MT Pacific Opal (ex-Hatasia) is a chemical tanker built in 1993 and currently owned by Tankers Pacific Management Singapore.

== Event off Somalia ==
On 4 April 2009 three skiffs were spotted approaching the ship while sailing through the Arabian Sea. The Pacific Opal radioed for help from the nearby HMCS Winnipeg (FFH 338) which launched a Sea King helicopter to assist, following its arrival the pirates retreated from the ship. The ship was approached by two skiffs on 5 April 2011, while sailing off the coast of Somalia Heading for Mombasa from the Persian Gulf. The Skiffs with pirates, proceeded to then attack the Pacific Opal. The Pacific Opal sent a mayday, which was received by an EU NAFOR vessel that was patrolling in the Indian Ocean at the time.
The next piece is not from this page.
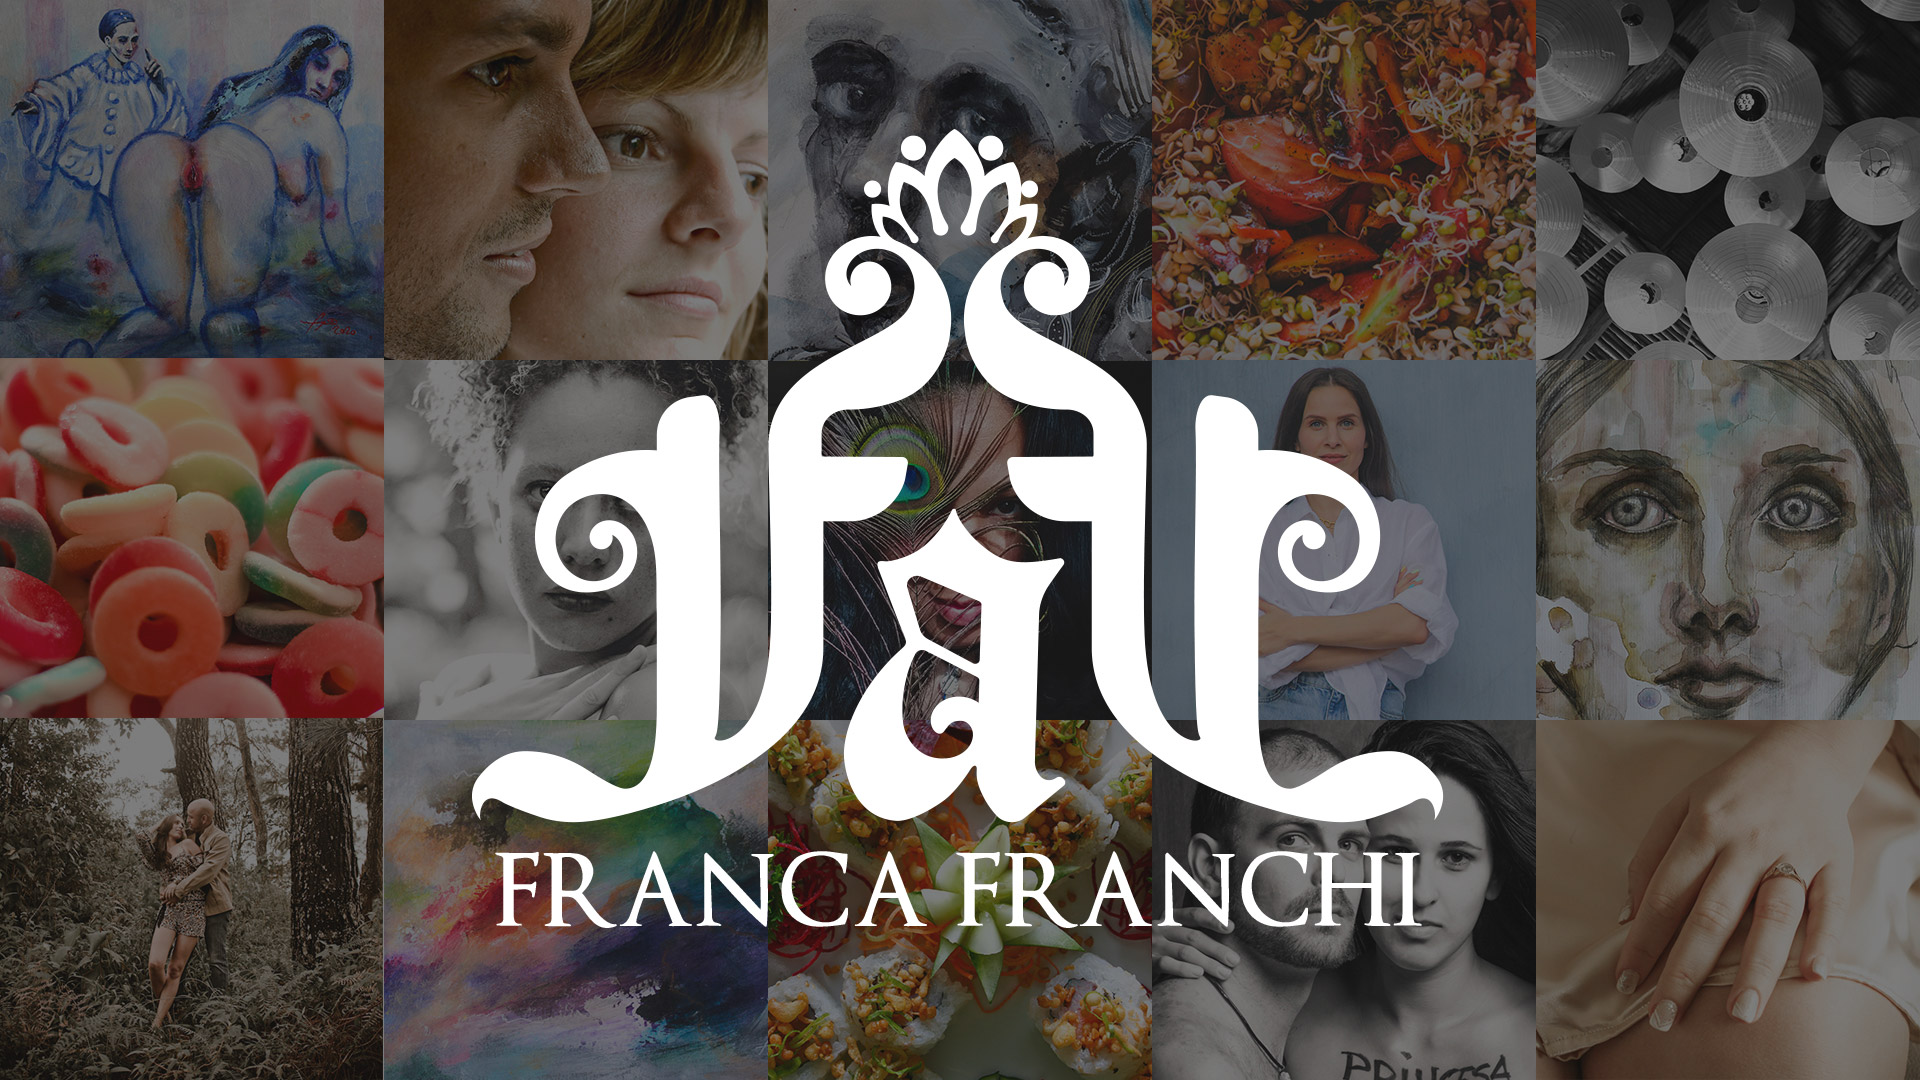 (c) Francafranchi.com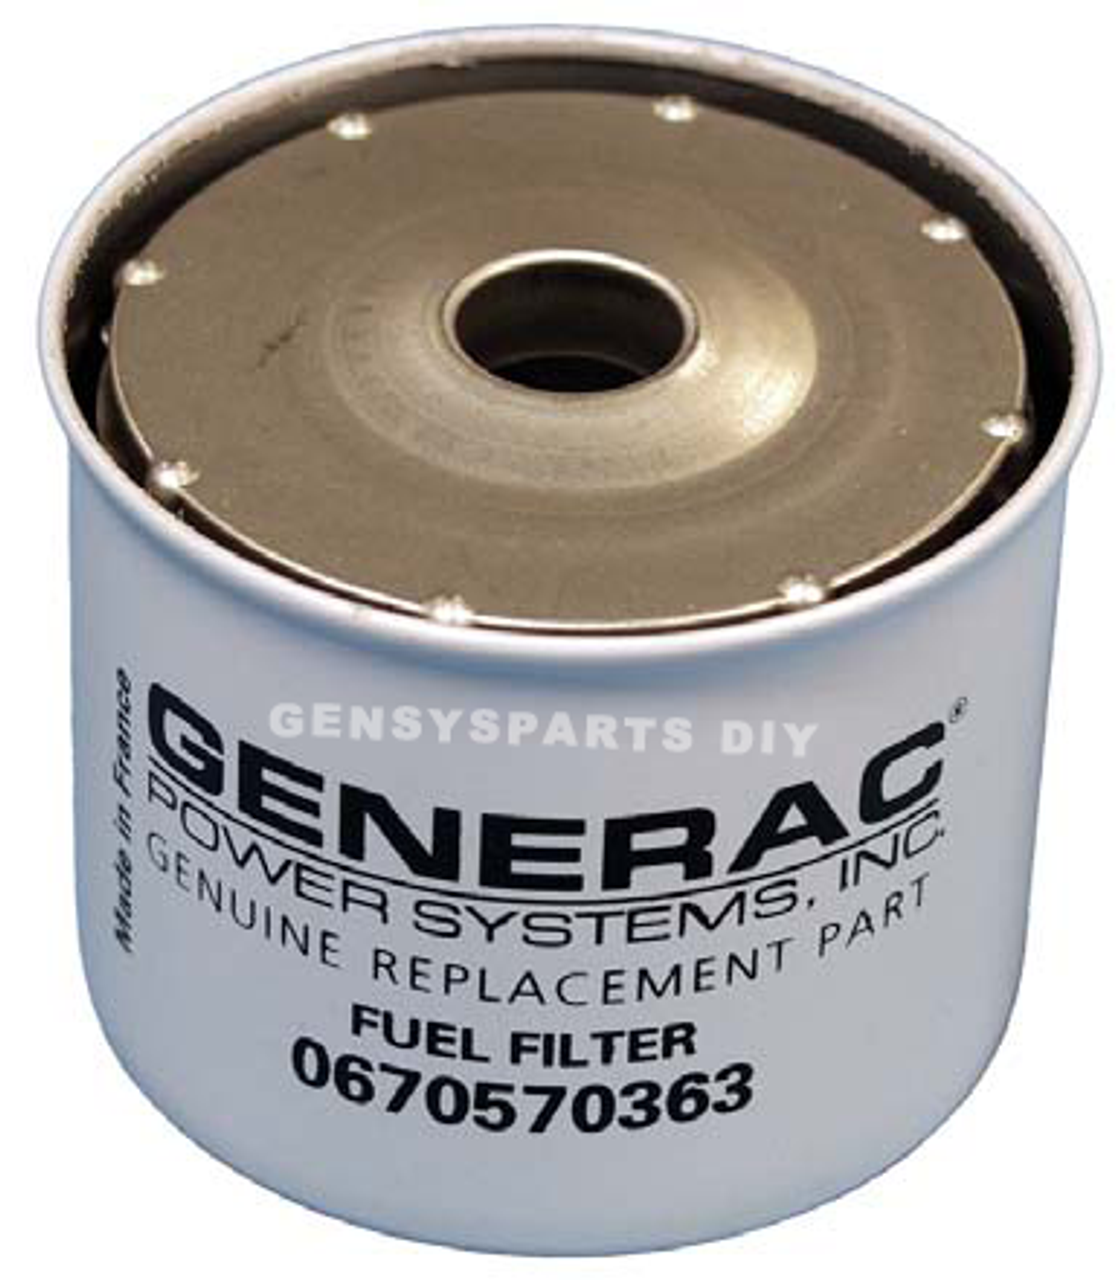 Generac Fuel Filter Element G0670570363

The skiffs, one attacking the port side and the other the starboard side, retreated after the on-board security team had fired flares and warning shots. The vessel was fired upon by the skiffs before they retreated and headed off toward the mother ship which was 10 miles off in the distance.

The pirates, along with their mother ship and skiffs were then detained by the EU NAVFOR Finnish warship FNS POHJANMAA on 6 April. The Pirates were later released on 21 April because the Finish Navy were unable to prosecute them.